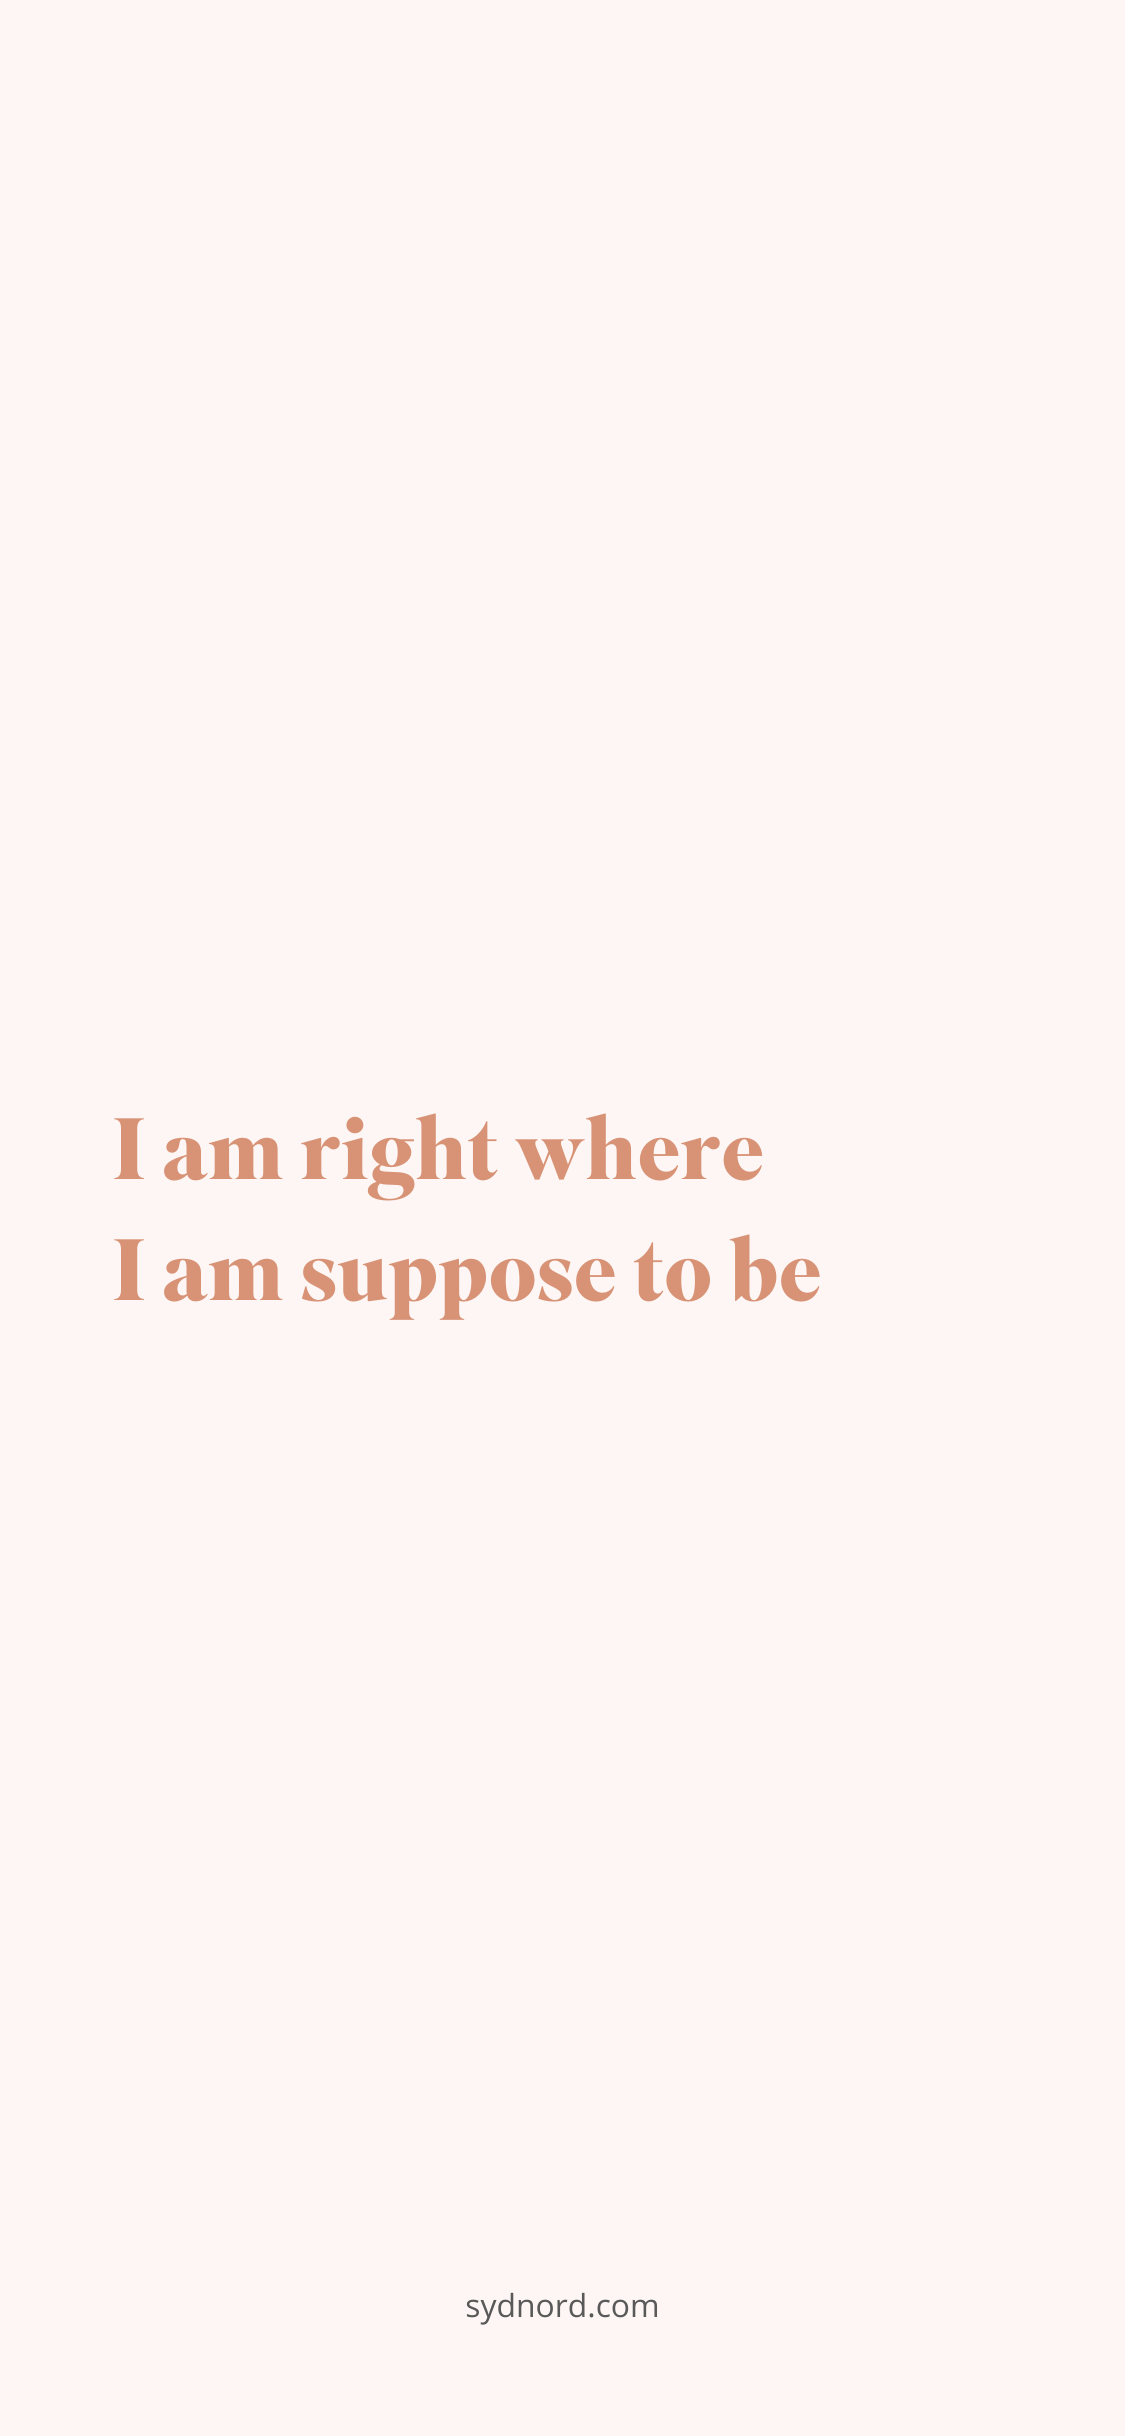 Best positive quotes: I am right where I am suppose to be
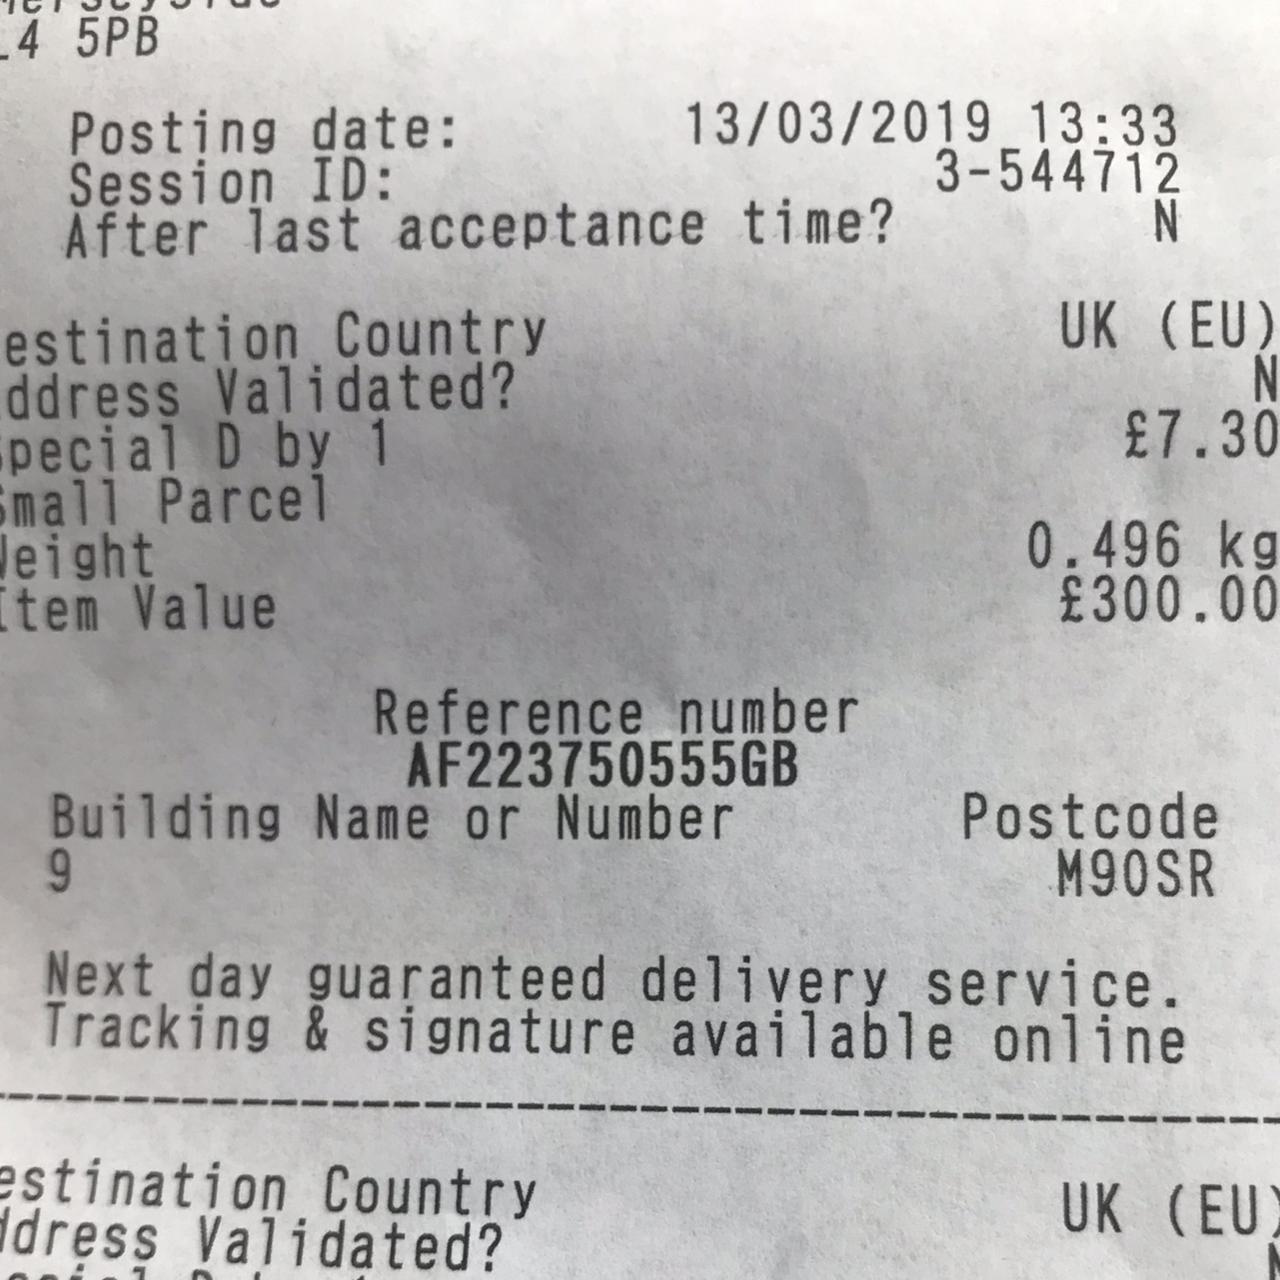 Louis Vuitton receipt for proof that it is real. - Depop
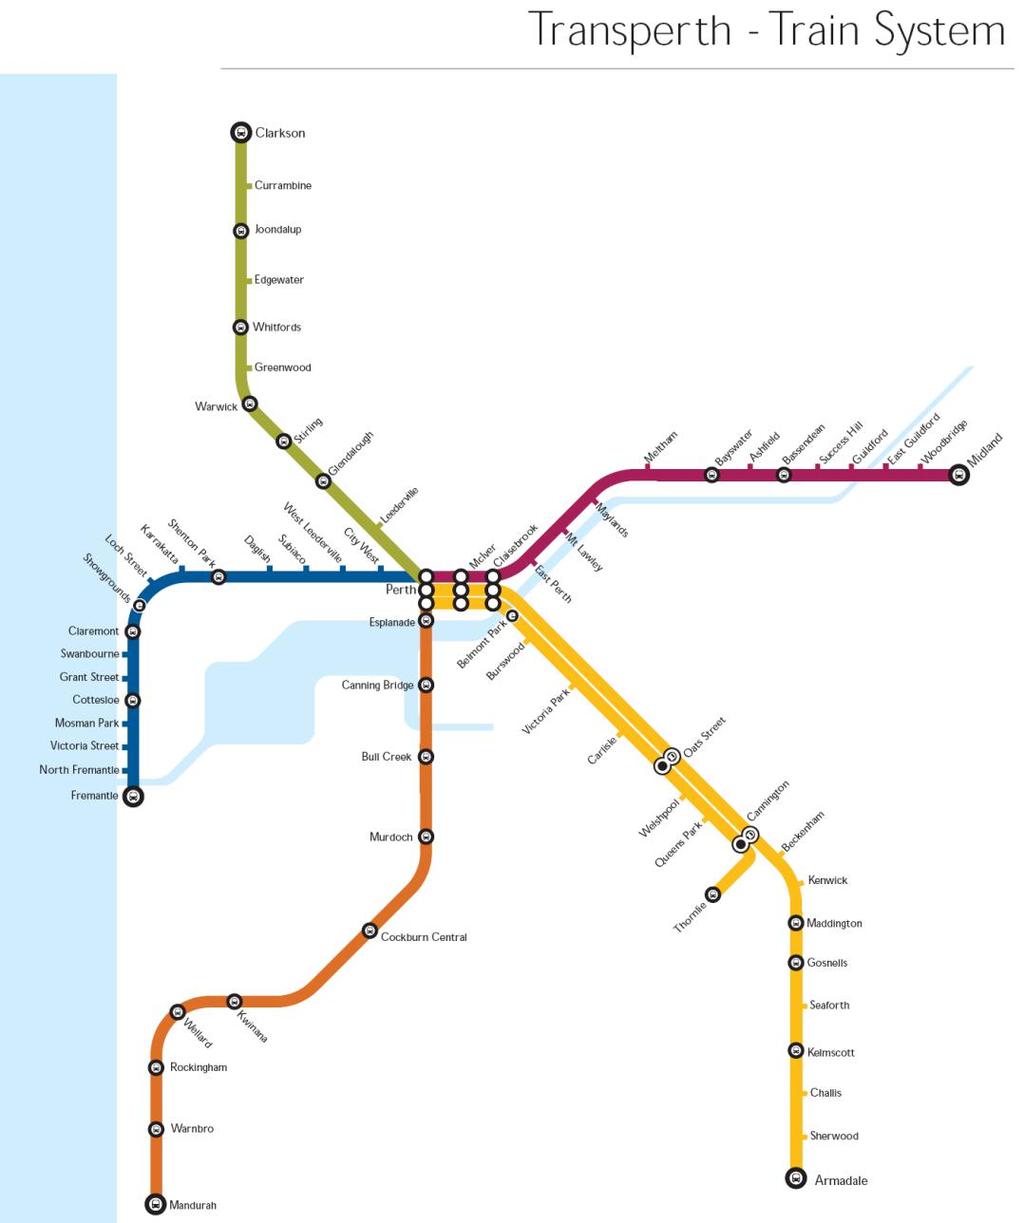 Perth Hub of Transport Network > 5 rail lines > Numerous bus services > Good

**About this exercise**. Everything but the pictures is needed: copy the data above exactly.

**Exercise solution**.
 Best positive quotes: I am right where I am suppose to be
 Louis Vuitton receipt for proof that it is real. - Depop
 Perth Hub of Transport Network > 5 rail lines > Numerous bus services > Good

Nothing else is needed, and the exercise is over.